UK Scientists Will Be Ready to Create Three-Person Babies 'in Two Years;' FDA Considering Clinical Trials of Technique in US
Scientists in the UK announced Tuesday that they will be ready to create babies using genetic material from three people in two years, once the government makes it legal, while the U.S. Food and Drug Administration is deliberating whether to allow clinical trials to create these genetically modified babies.
In techniques commonly referred to as mitochondrial replacement, scientists would use eggs from two women and sperm from one man to treat deadly mitochondrial diseases, according to a BBC report.
Mitochondria, explains scientists with the UK's Human Fertilization and Embryology Authority, "are small structures present in cells that produce much of the energy required by the cell. They contain a small amount of DNA that is inherited exclusively from the mother through the mitochondria present in her eggs. Mutations in this mitochondrial DNA (mtDNA) can cause a range of rare but serious diseases, which can be fatal."
About 1,000 to 4,000 babies are born in the U.S. each year with mitochondrial disease.
Replacing the defective mitochondria from one woman's eggs carrying the mutated mitochondria with healthy ones from another woman's eggs would make it possible for women carrying the defective gene to have healthy babies with genetic material from three different people. These genetic changes would also be transferred to future offspring.
The techniques have been the subject of scientific and ethical debate for several years.
In their third scientific review of the safety and efficacy of mitochondrial replacement techniques, the UK's Human Fertilization and Embryology Authority recommended that they be considered "not unsafe" for use on a "specific and defined group of patients."
Professor Robin Lovell-Badge of the UK's Medical Research Council and a member of the scientific panel, said that once a series of final tests recommended are complete, scientists can start creating three-person babies in two years.
"I think that [two years] is not a bad estimation. The other sorts of experiments that we thought were necessary, again it will take about two years to complete all of those," Lovell-Badge told the BBC.

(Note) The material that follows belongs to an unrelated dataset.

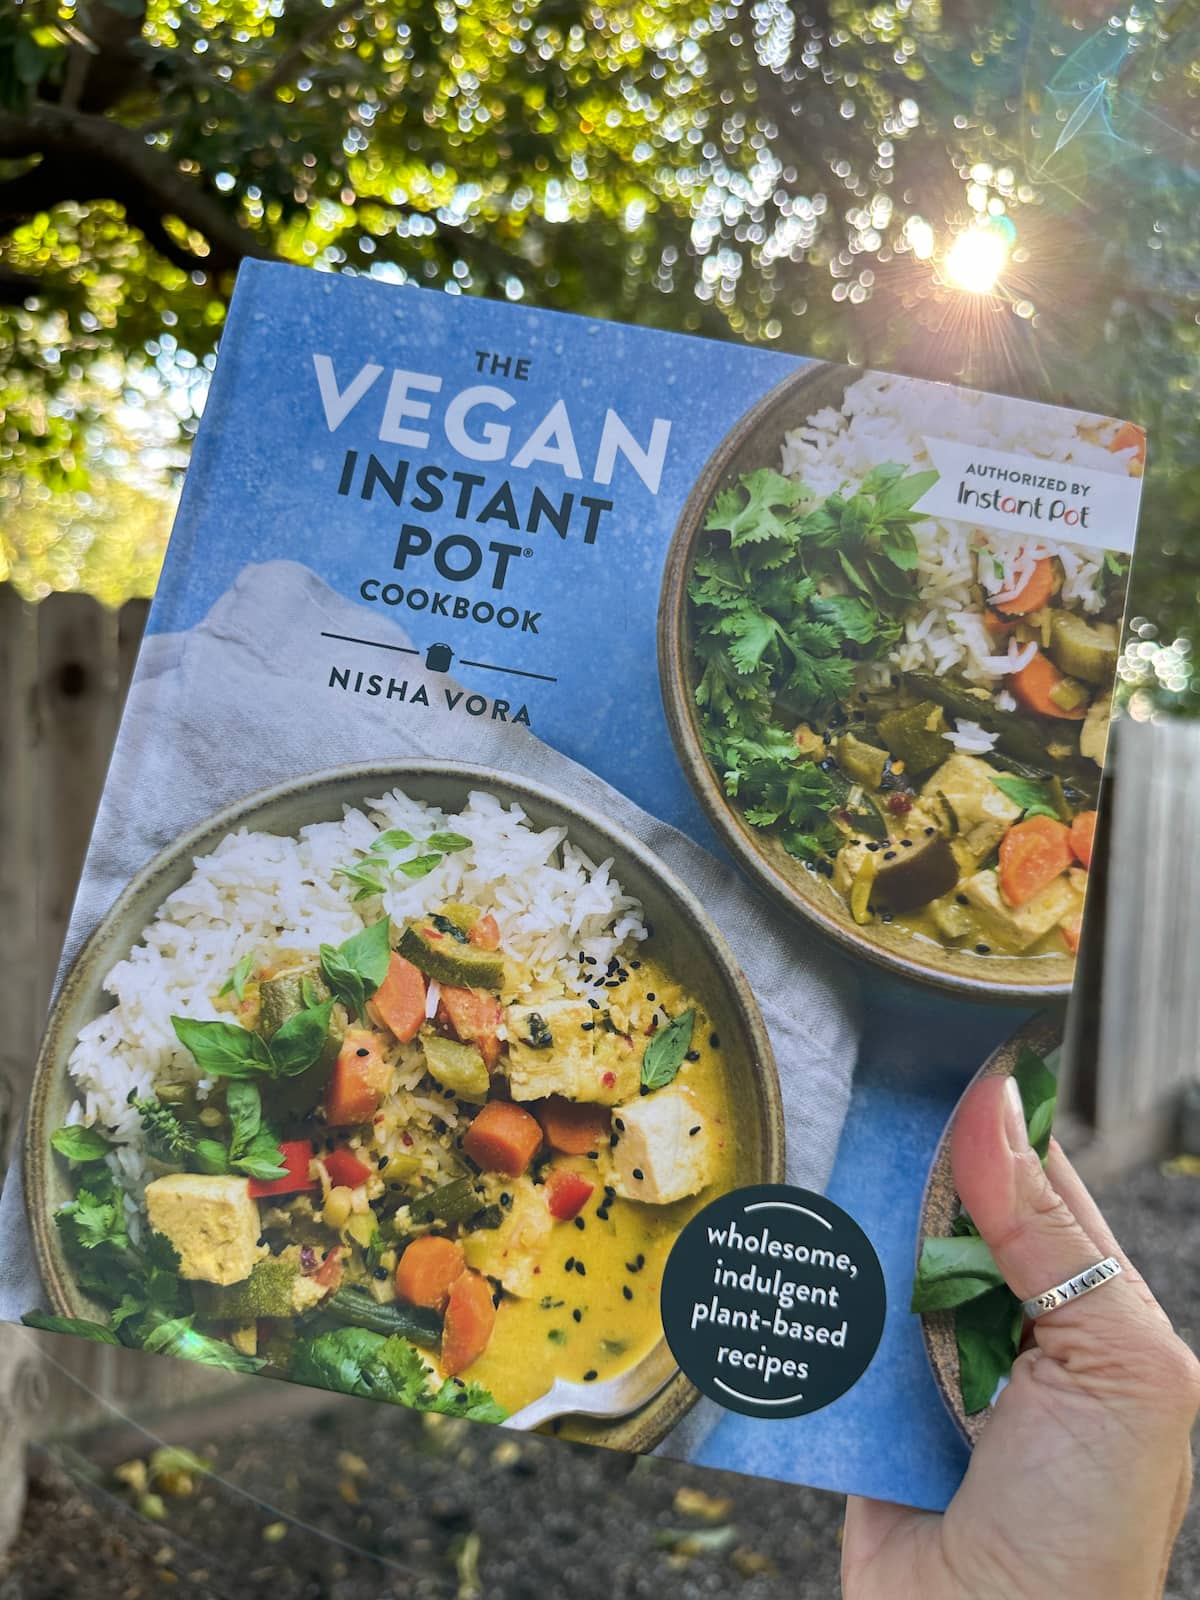 Cover art for the Vegan Instant Pot Cookbook by Nisha Vora.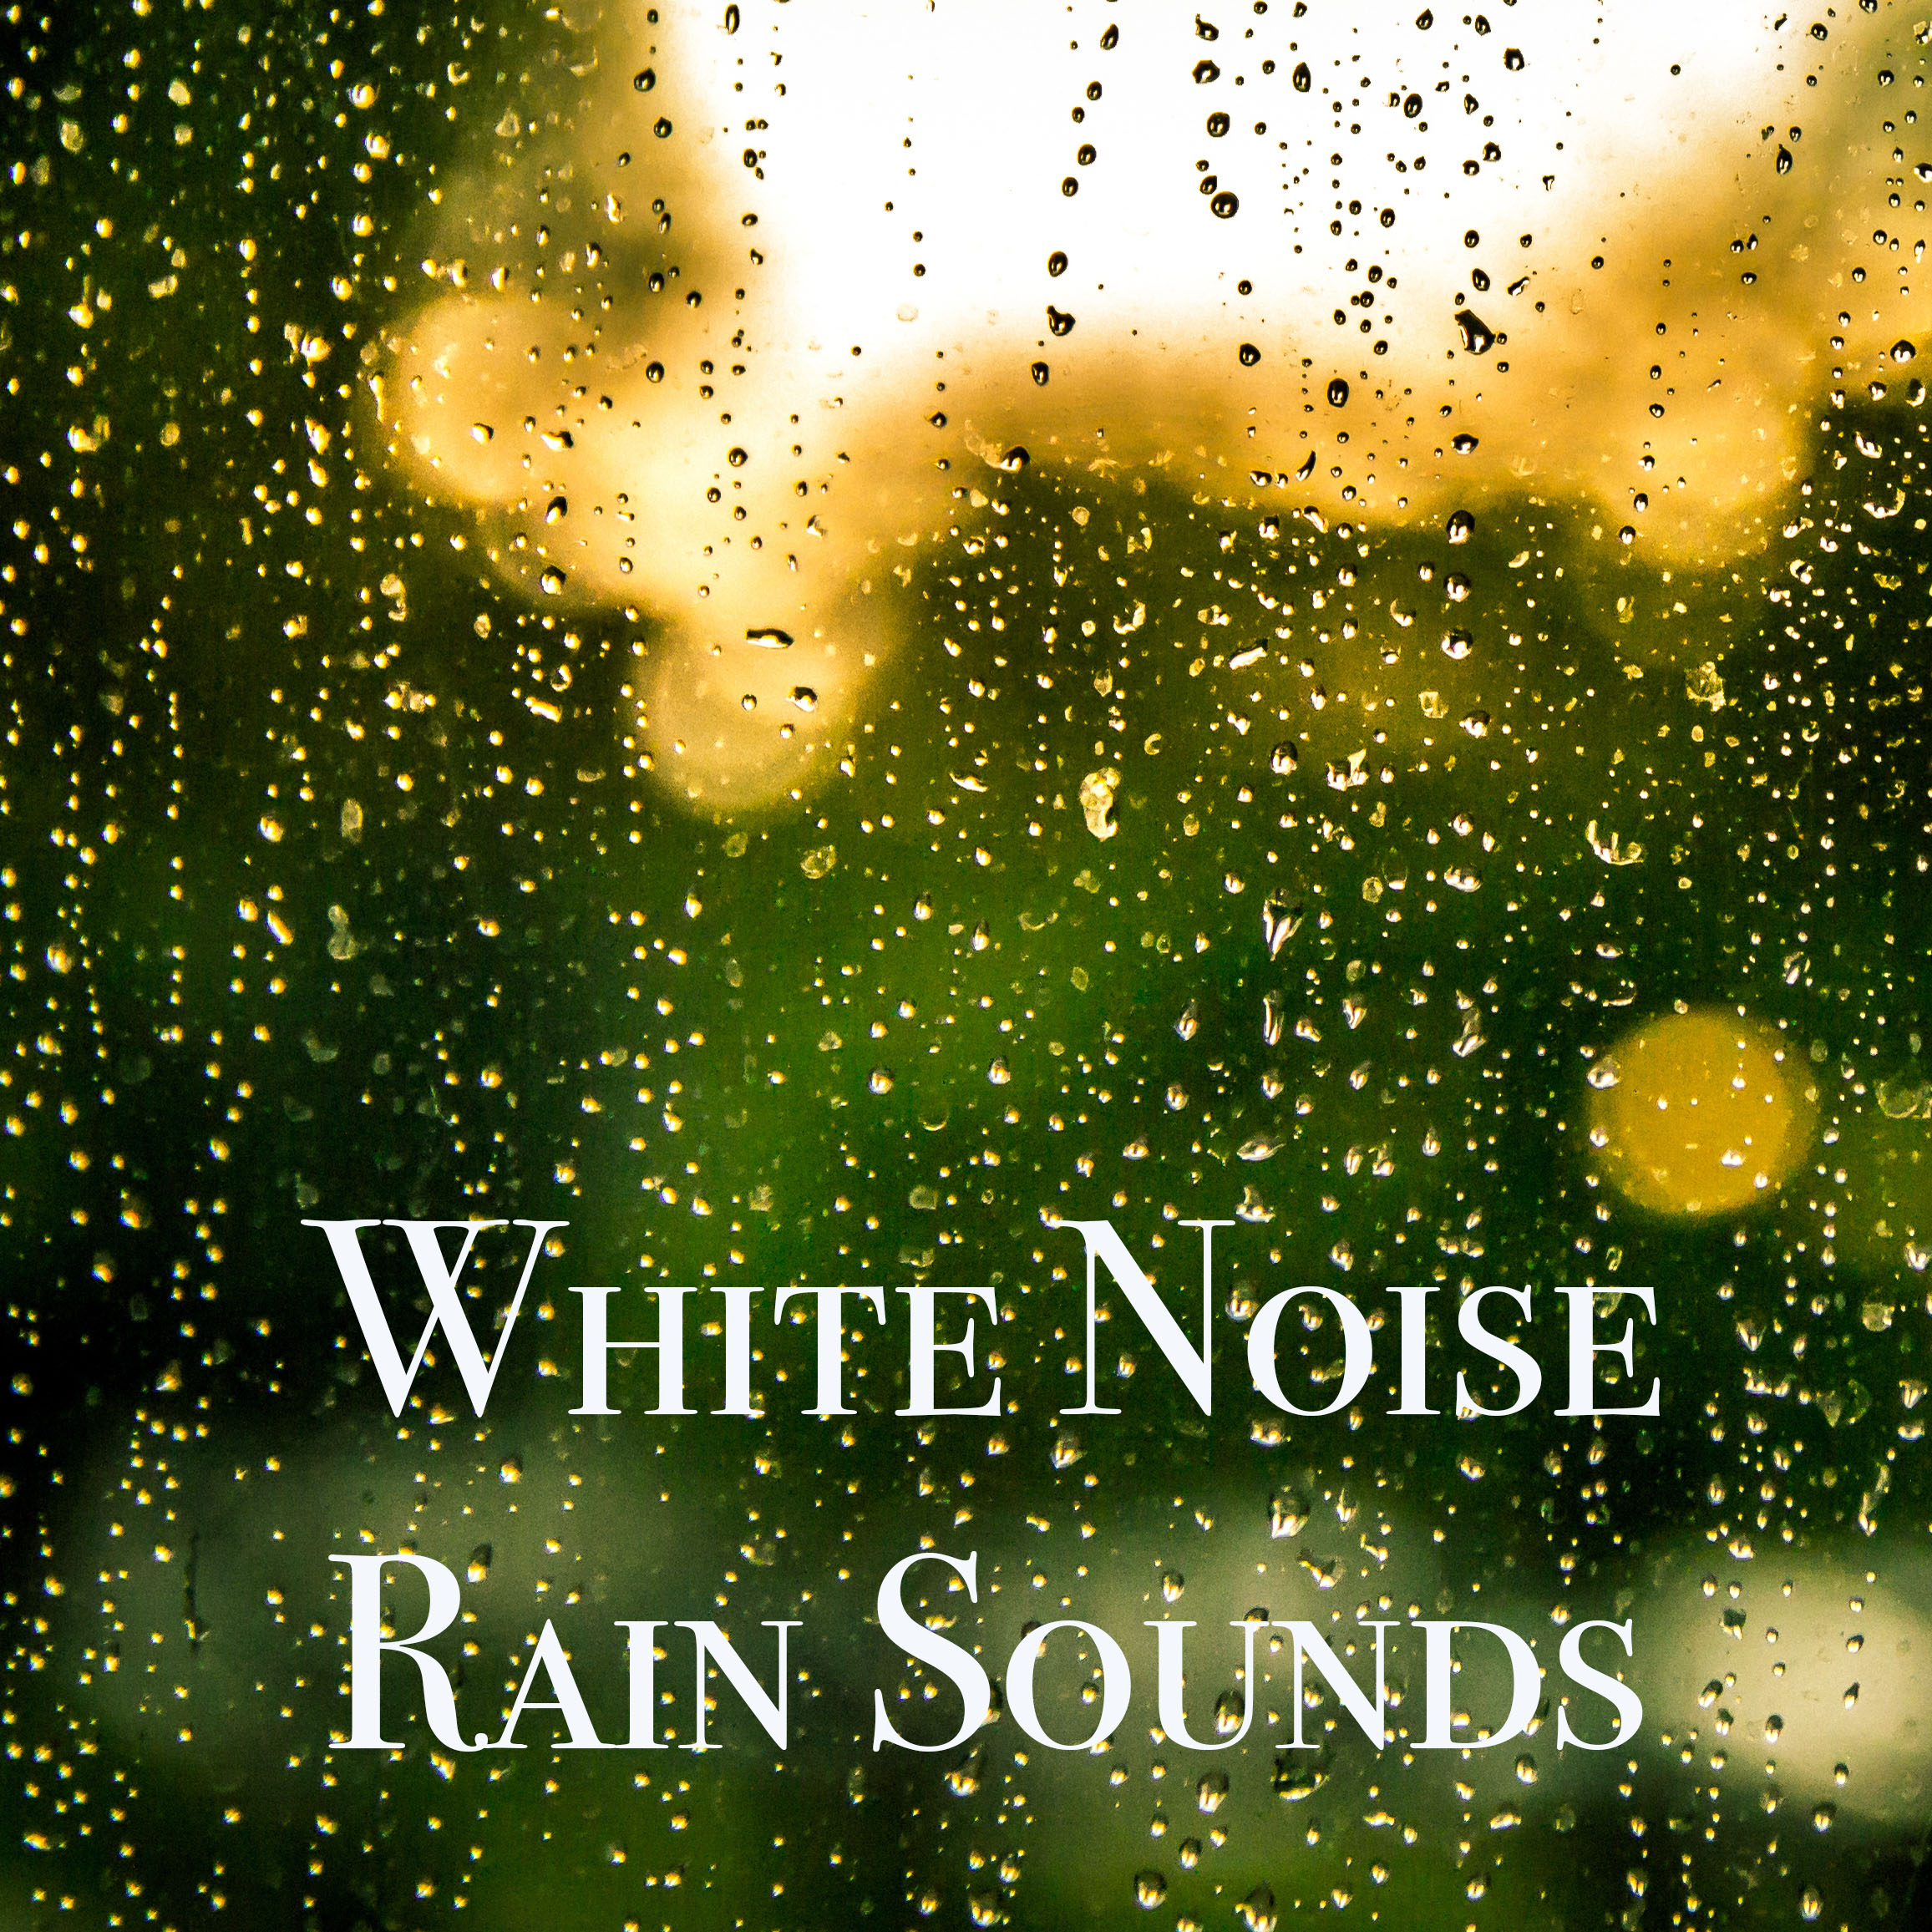 17 White Noise, Spa & Meditation Rain Sounds

Professor Andy Greenfield, chair of the scientific review panel, cautioned, however, that safety is "not a straightforward issue."
"Are these techniques safe in humans? We won't know that until it's actually done in humans. Until a healthy baby is born we cannot say 100 percent that these techniques are safe, if you think back to when IVF was a new technology, all of these questions were asked before IVF," he explained.
The FDA's Cellular, Tissue and Gene Therapies Advisory Committee held a hearing Feb 25-26 to consider whether to approve mitochondrial replacement techniques in humans.
On Wednesday, an FDA representative told The Christian Post that a decision has not yet been made.
If the FDA approves, trials in the creation of three-person babies can begin.
Not everyone, however, is focused on the potential good that could come from these genetically modified babies.
In an op-ed in The New York Times in February, Marcy Darnovsky, executive director of the Center for Genetics and Society, warned that scientists could be opening Pandora's box with genetically modified babies.
"This is a dangerous step. These techniques would change every cell in the bodies of children born as a result of their use, and these alterations would be passed down to future generations," said Darnovsky.
She noted that researchers at Oregon Health and Science University produced five macaque monkeys using a mitochondrial replacement technique and they all appear healthy for now. Four of them are adults using one of these techniques and all five appear healthy.
She pointed out, however, that the work of those same researchers seeking to replicate the technique using fertilized human eggs have not been as promising.
"More than half of the human zygotes — single cells formed by the merging of an egg and sperm — had abnormalities not observed in the fertilized eggs of the monkeys. 'It looks like human oocytes are more sensitive,'" the lead researcher, Shoukhrat Mitalipov, a reproductive biologist, told Nature.
"The FDA. advisory panel says that its meeting will consider only scientific aspects of mitochondrial manipulation and that any "ethical and social policy issues" are outside its scope. But those are precisely the issues that we must address. Simply being able to do something doesn't mean we should do it," she ended.